Introduce timing information in logParser [skip modfiles]
CountHepMC == nEventsPerJob
The check that
CountHepMC == nEventsPerJob has not been removed, because I think it might still be a good handle to catch unwanted bugs. Instead I added a flag in the commit script that can bypass this check. Here is what happens when trying to add
421305, run with
mcjoboptions_3 sargyrop$ ./scripts/commit_new_dsid.sh -d=421305 -n INFO: will use following remote for pushing: origin New DSID directory: 421xxx/421305 ... OK: log.generate file found. ... - CountHepMC Events passing all checks and written = 10 <-- ERROR: This is not equal to nEventsPerJob=1000 ... --------------------- Summary: --------------------- Errors : 1 , Warnings : 5 -> Errors encountered! Not ready for production! ERROR: log.generate contains errors Fix them before committing anything!
In this case users should make sure that disabling the
CountHepMC check is what they really want and run
./scripts/commit_new_dsid.sh -d=421305 -t -n INFO: will use following remote for pushing: origin New DSID directory: 421xxx/421305 ... OK: log.generate file found. OK: log.generate file contains no errors OK: CI job expected to last less than 1h - time estimate: 0.17 hours Will now add files to git commit File: log.generate cannot be added to the commit. Skipping. Skipping: log.generate.short since the logParser CI job will not be run Added: mc.Sh_228_Wmunu_EnhLogPtV.py Added: mc_13TeV.Sh_228_Wmunu_EnhLogPtV.GRID.tar.gz
How timing works in logParser
There are 3 timing informations provided:
CountHepMC == nEventsPerJob: it just prints the timing information from log.generate (same as what we had before)
CountHepMC != nEventsPerJob: it will extrapolate the timing information using
timing for CI job: this is something extra to help debugging and have more meaningful printouts, it will just extrapolate the timing information to
max(10,0.01*nEventsPerJob), i.e. the number of events we will run in the CI
The actual (case 1) or extrapolated CPU time (case 2 above) lead to the following behaviour:
- CPU < 1 h OR CPU > 18 h => ERROR
- CPU between 8-12 h => GOOD
CPU=1-8 OR 12-18 h => WARNING
i.e. currently the limits are quite loose and we would only cut jobs which last less than 1h or more than 18h.

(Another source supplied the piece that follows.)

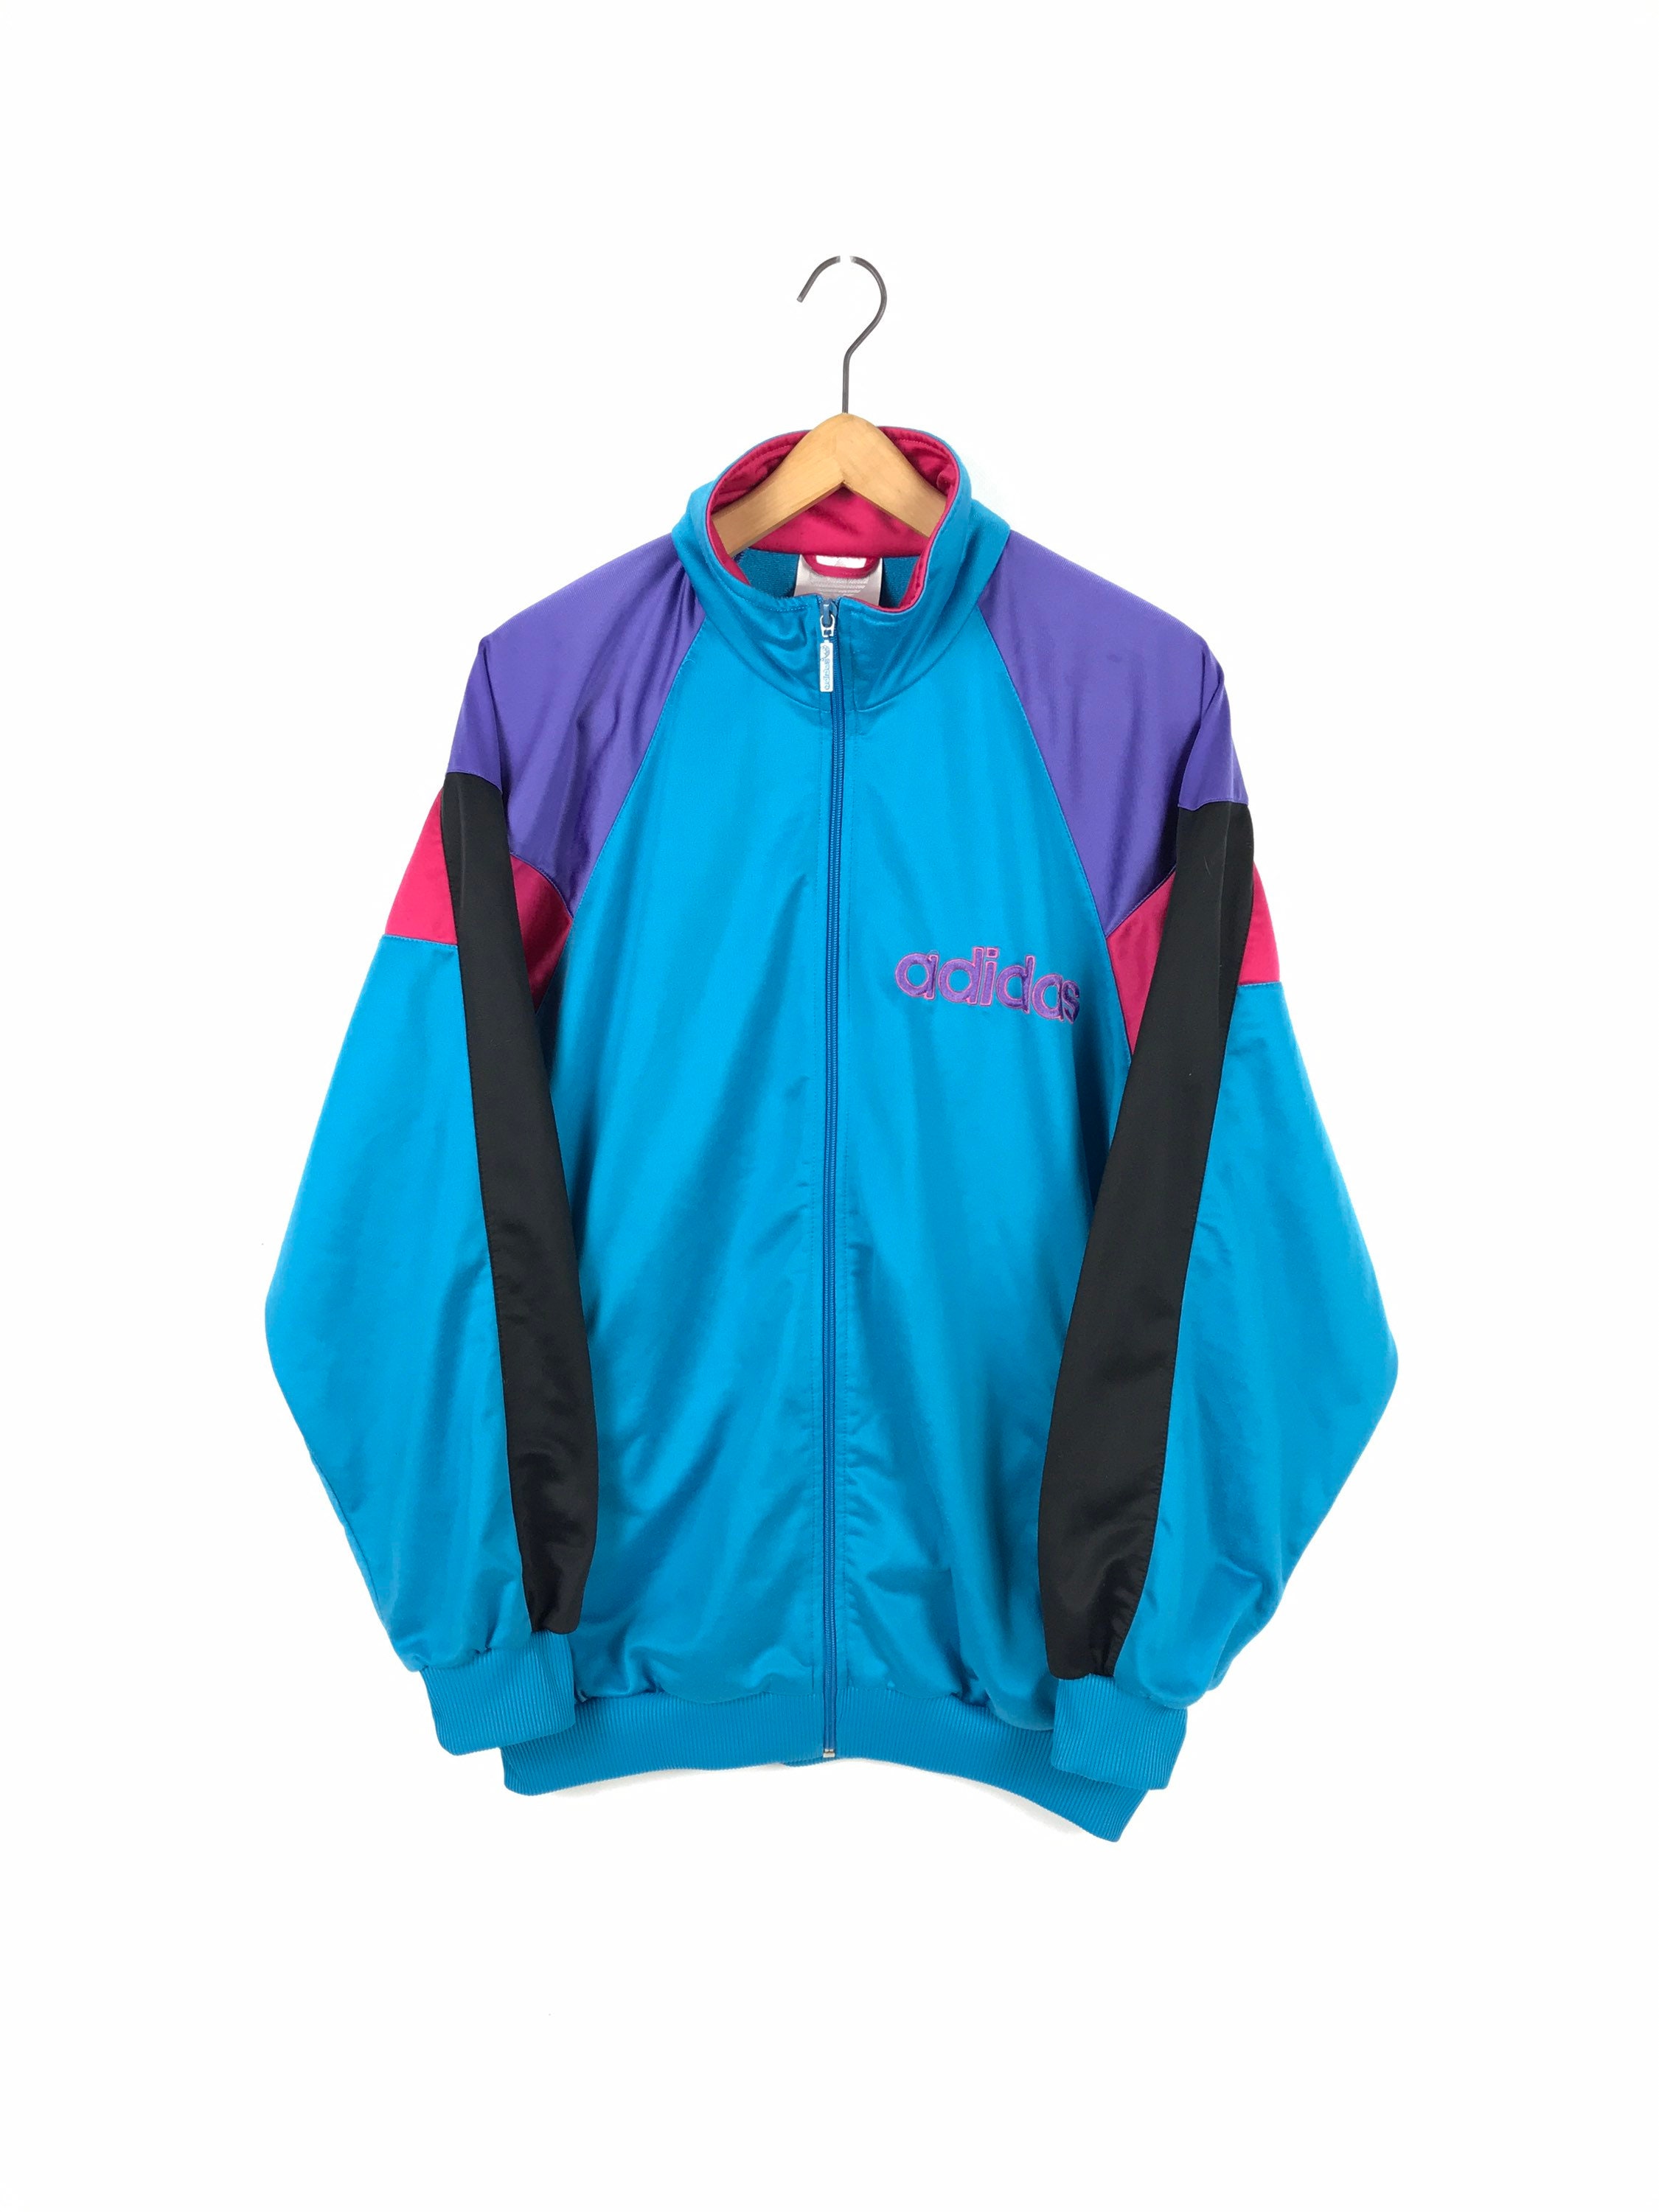 Vintage ADIDAS track jacket 90s retro multicolored track top | Etsy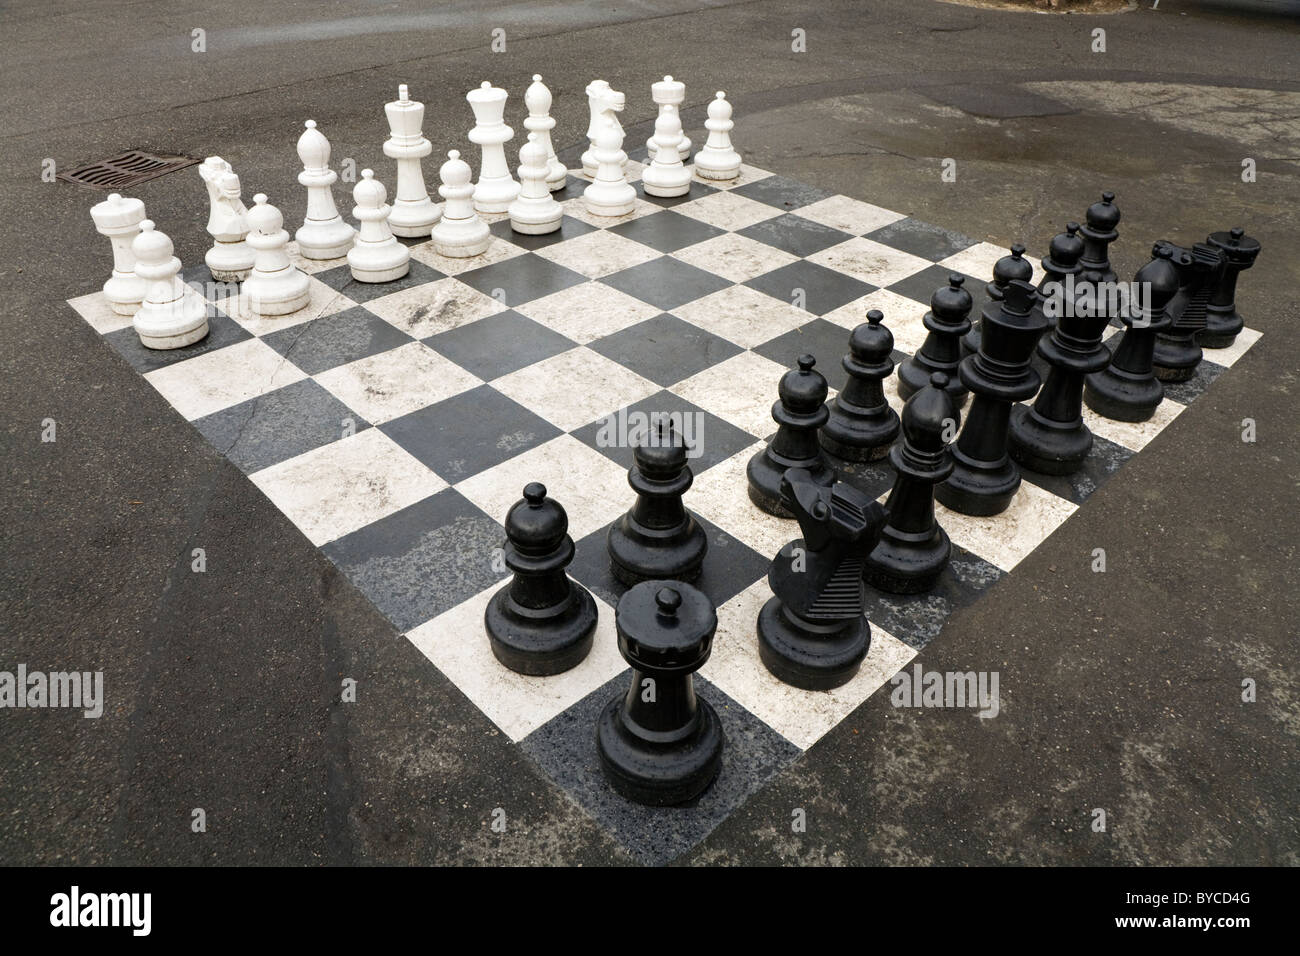 Pezzi esposti per avviare / iniziare un gioco di grandi / grande / giant / scacchi grandi in un parco pubblico a Ginevra / Geneve, Svizzera Foto Stock

For the CI (case 3) above we cut everything that is expected to last more than 1h.
Here is an example from
logParser run on the above 421305 DSID with 10 events (nEventsPerJob=1000 in this case):
--------------------- Performance metrics: --------------------- - actual CPU (10 events) = 0.17 hrs - CPU extrapolated to 1000 events = 16.6 hrs <-- WARNING: CPU time not optimal - should be between 8-12h. Adjust nEventsPerJob! - estimated CPU for CI job = 0.17 hrs - Virtual memory = 2957.352 Mb
Notice that the first line is the actual time it took to run the job (with
--maxEvents=10), the 2nd is the extrapolation to
nEventsPerJob=1000 and the 3rd is the extrapolation for the
max(10,0.01*1000)=10 events that would run in the CI.
logParser in CI is always run with
-t so there should be no extra change needed in order to re-activate the athena CI jobs.